Quadro 2.5 – Estudo de usuários – abordagens
ABORDAGEM CONVENCIONAL OU CONSERVADORA (Centrada no sistema e na observação de grupos de usuários)
a) compreende a informação como algo objetivo, que existe externa e independentemente do indivíduo;
b) coloca as atividades técnicas dos serviços de informação como ponto central de suas atenções,
c) percebe o usuário como um elemento secundário que deve se adequar às características do serviço de informação
ABORDAGEM DA PERCEPÇÃO OU ABORDAGEM ALTERNATIVA
(centrada no indivíduo e na análise das características únicas de cada usuário como meio de chegar às características cognitivas comuns à maioria deles)
a) compreende que a informação sem a atribuição de sentido a partir da intervenção dos esquemas mentais do usuário não está completa;
b) coloca questões ‘como as pessoas agem’ e ‘como a informação auxilia estas pessoas’ no centro das atenções,
c) entende que o sistema de informação tem em seu usuário sua ‘razão de ser’, devendo, pois, se adaptar às necessidades informacionais e aos comportamentos de busca e uso de informação dele.

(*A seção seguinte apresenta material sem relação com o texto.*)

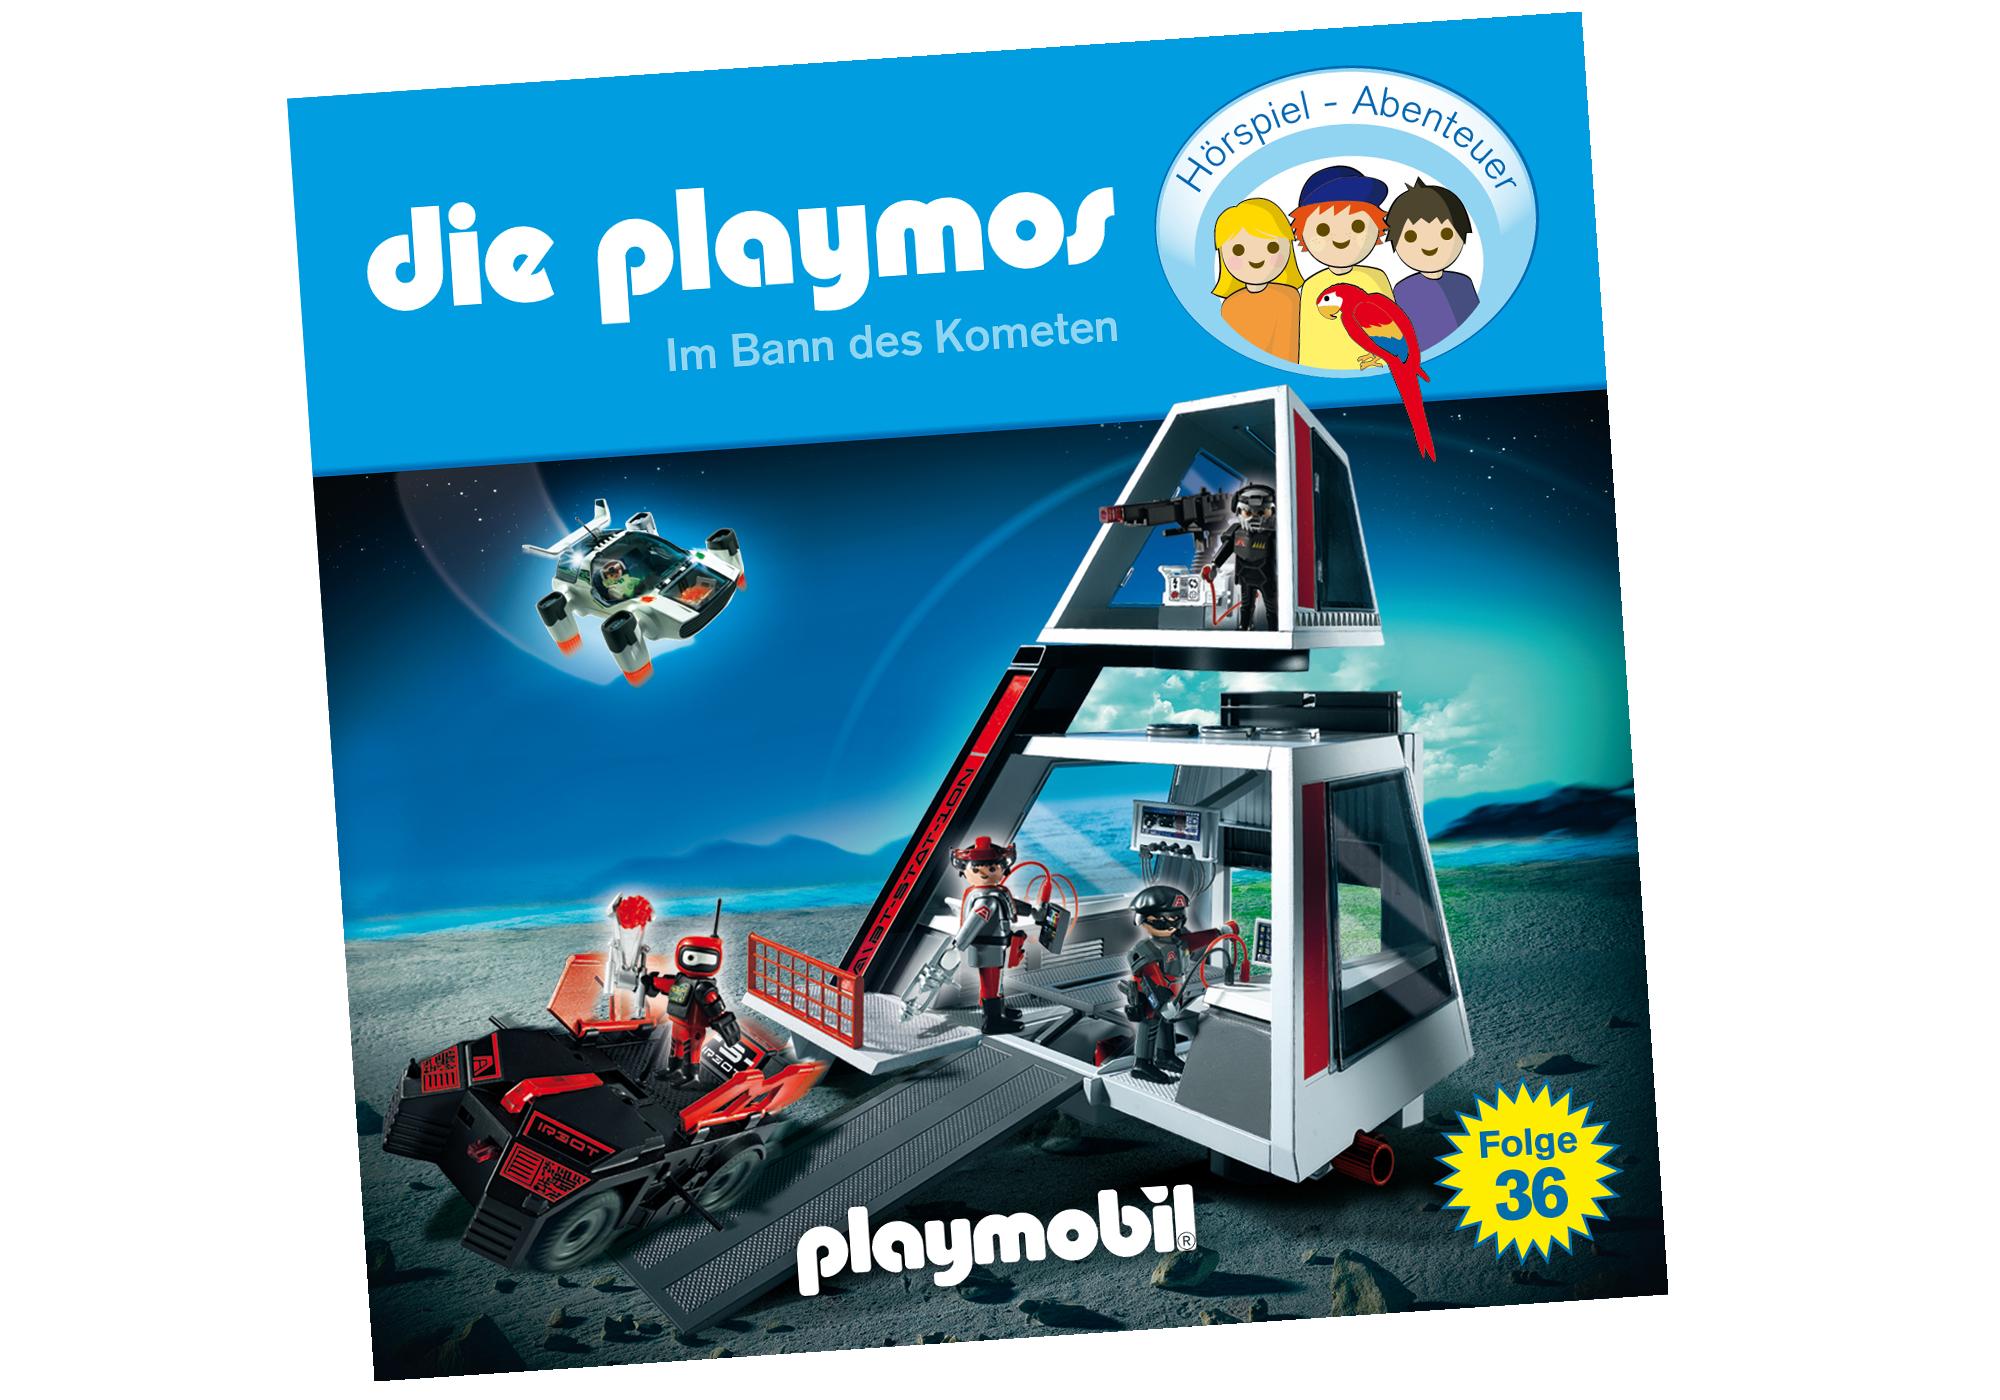 http://media.playmobil.com/i/playmobil/80447_product_detail

A abordagem tradicional, como se pode confirmar no quadro 2.5, não tem examinado os fatores que geram o encontro do usuário com os sistemas de informação ou as conseqüências de tal confronto, limitando-se à tarefa de localizar fontes de informação. Por tal motivo, desconsidera as tarefas de interpretação, formulação e aprendizagem envolvidas no processo de busca de informação. Desta forma, nesta abordagem o usuário é apenas o informante, e não o objeto do estudo.
Enquanto os estudos passados – centrados no sistema – procuravam conhecer as características sociais e demográficas dos usuários (DERVIN; NILAN, 1986), as pesquisas mais recentes centram-se no indivíduo, partindo de uma perspectiva cognitiva, no intuito de interpretar as necessidades de informação intelectuais e sociológicas.
A partir da década de 1980, estudos dessa natureza – conhecidos como abordagens da percepção ou abordagens alternativas – começam a considerar que a informação só tem sentido quando integrada a algum contexto.
Esta nova abordagem, que questiona a maneira estática em que as necessidades e usos da informação eram caracterizados (DERVIN; NILAN, 1986), concebe os indivíduos como pessoas com necessidades cognitivas, afetivas e fisiológicas fundamentais próprias, operando dentro de esquemas que são partes de um ambiente com restrições socioculturais, políticas e econômicas.
Essas necessidades próprias, os esquemas e o ambiente formam a base do contexto do comportamento de busca de informação. Os mais importantes atos de comunicação – questionar, planejar, interpretar, criar, resolver, responder – tão esquecidos na abordagem tradicional, são amplamente valorizados na abordagem alternativa (FERREIRA, 1996).
As bases desta nova abordagem são:
• o processo de se buscar compreensão do que seja necessidade de informação deve ser analisado sob a perspectiva da individualidade do sujeito a ser pesquisado;
• a informação necessária e o esforço empreendido no seu acesso devem ser contextualizados na situação real onde ela emergiu,
A perspectiva centrada no usuário afiança que os sistemas de informação devem ser modelados de acordo com o usuário, com a natureza de suas necessidades de informação e com os seus padrões de comportamento na busca e no uso da informação, de maneira a maximizar a sua própria eficiência. Ferreira (1996) lembra que o aumento no acesso à vasta quantidade de informação requer serviços que se centrem no significado da busca mais do que meramente na localização da fonte.